Remember how I decided that all CPU optimizations are fair game? That turns out to be the Surface’s Achilles heel. Scientific computing thrives on single instruction multiple data (SIMD) features in a CPU. These essentially short-circuit arithmetic operations, making the CPU run multiple computations in a single machine opcode. Having a CPU with SIMD features turbocharges LLM inference since LLMs are just one giant math equation.
The intense corner-cutting on the Pentium 4415Y chip (to make it not guzzle power) left only SSE2 as its saving grace. llama.cpp will leverage SSE2, but only provides baseline performance. The clock speed doesn’t help much either. Conversely, the Cortex A76 CPU is packed with SIMD features. Among the available SIMD instructions in the Cortex A76 are:
- dot products (
__ARM_FEATURE_DOTPROD), - fused multiply-accumulate (
__ARM_FEATURE_FMA), and - 16-bit float vector math (
__ARM_FEATURE_FP16_VECTOR_ARITHMETIC) with native 16-bit float types (__ARM_NEON_FP).

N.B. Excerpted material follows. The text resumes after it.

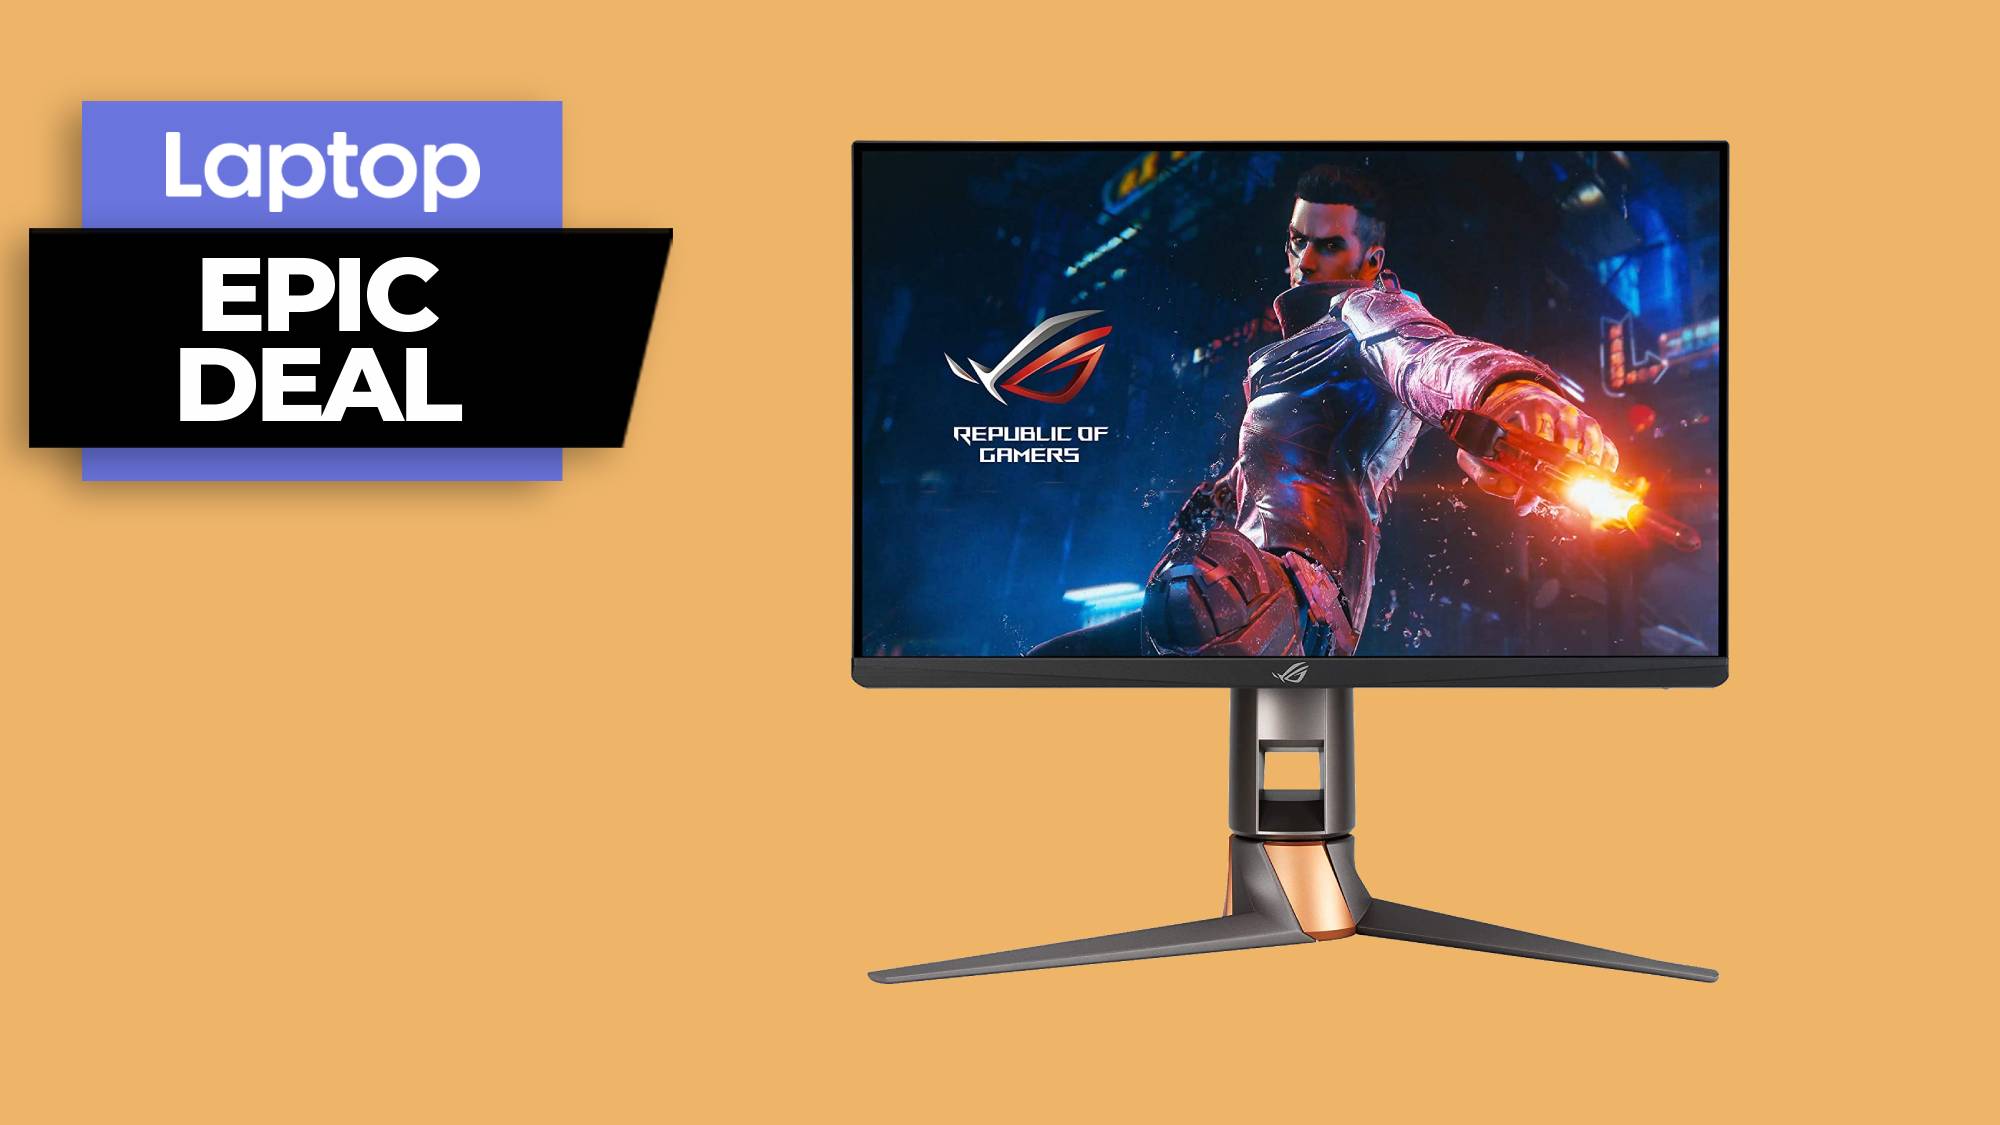 The Asus Rog Swift 360Hz offers 360Hz refresh rate and NVIDIA G-Sync support

Big props to the ARM team for designing such a power-efficient chip with all these capabilities.
EOF
I’ll continue to benchmark for my local LLM device and model. Qwen3-0.6B is a good start. If I can get better quality outputs at ~ 30 t/s with another model, I’d pivot. As of right now, Qwen3.5-0.8B is a bit sluggish on the Pi 5, although there is some promise in the outputs.

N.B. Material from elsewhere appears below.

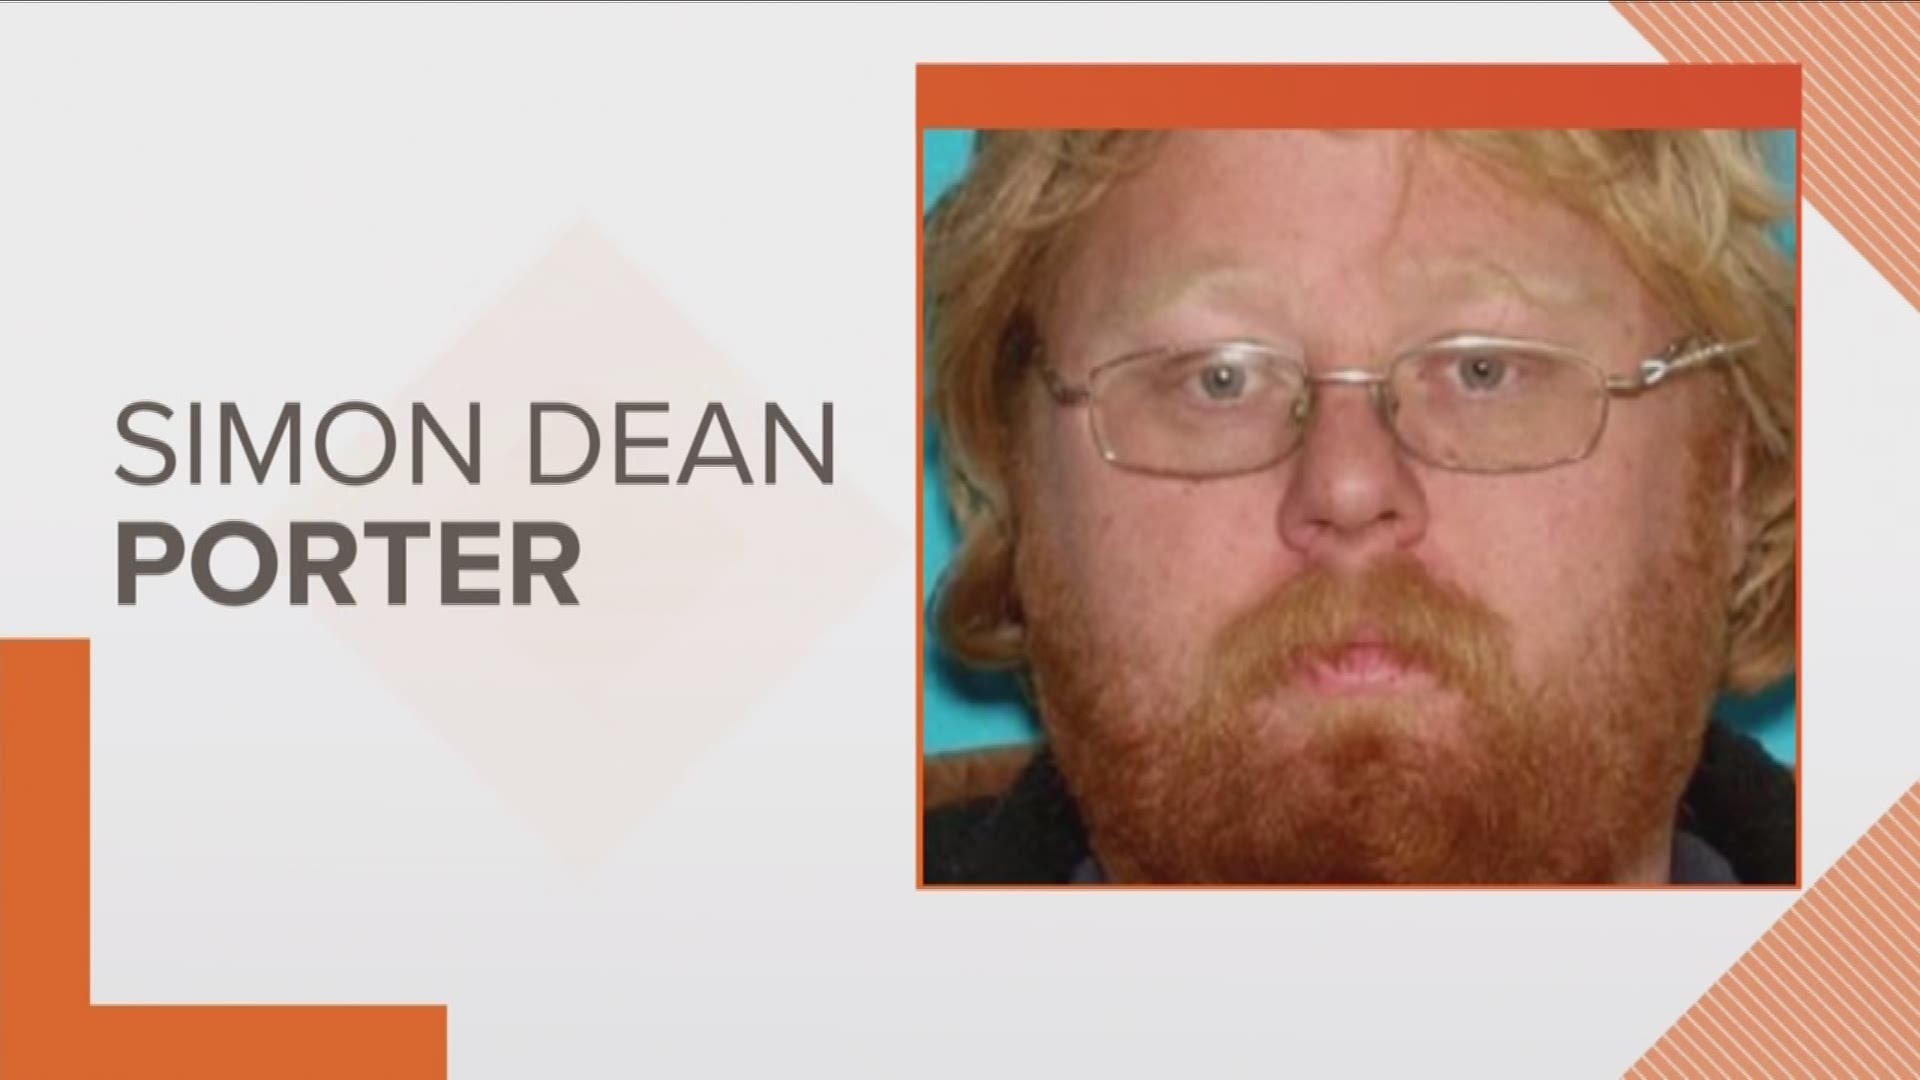 33-year-old Simon Dean Porter is wanted on a charge of aggravated rape of a child. Police say he may be driving a green Chevrolet S-10 pick-up truck with a red tailgate.

Also, PicoClaw crossed my radar recently. It’s a clone of OpenClaw, lean on resources, and suits my experimental setup. Hosting the LLM close to the agent seems like a good idea.
I want to benchmark on more modern chips. AI compute capabilities have certainly risen to first-class citizens in modern chips. I wouldn’t be surprised if these new CPUs knock the benchmarks out of the park. What matters now is how we get the best bang for our buck.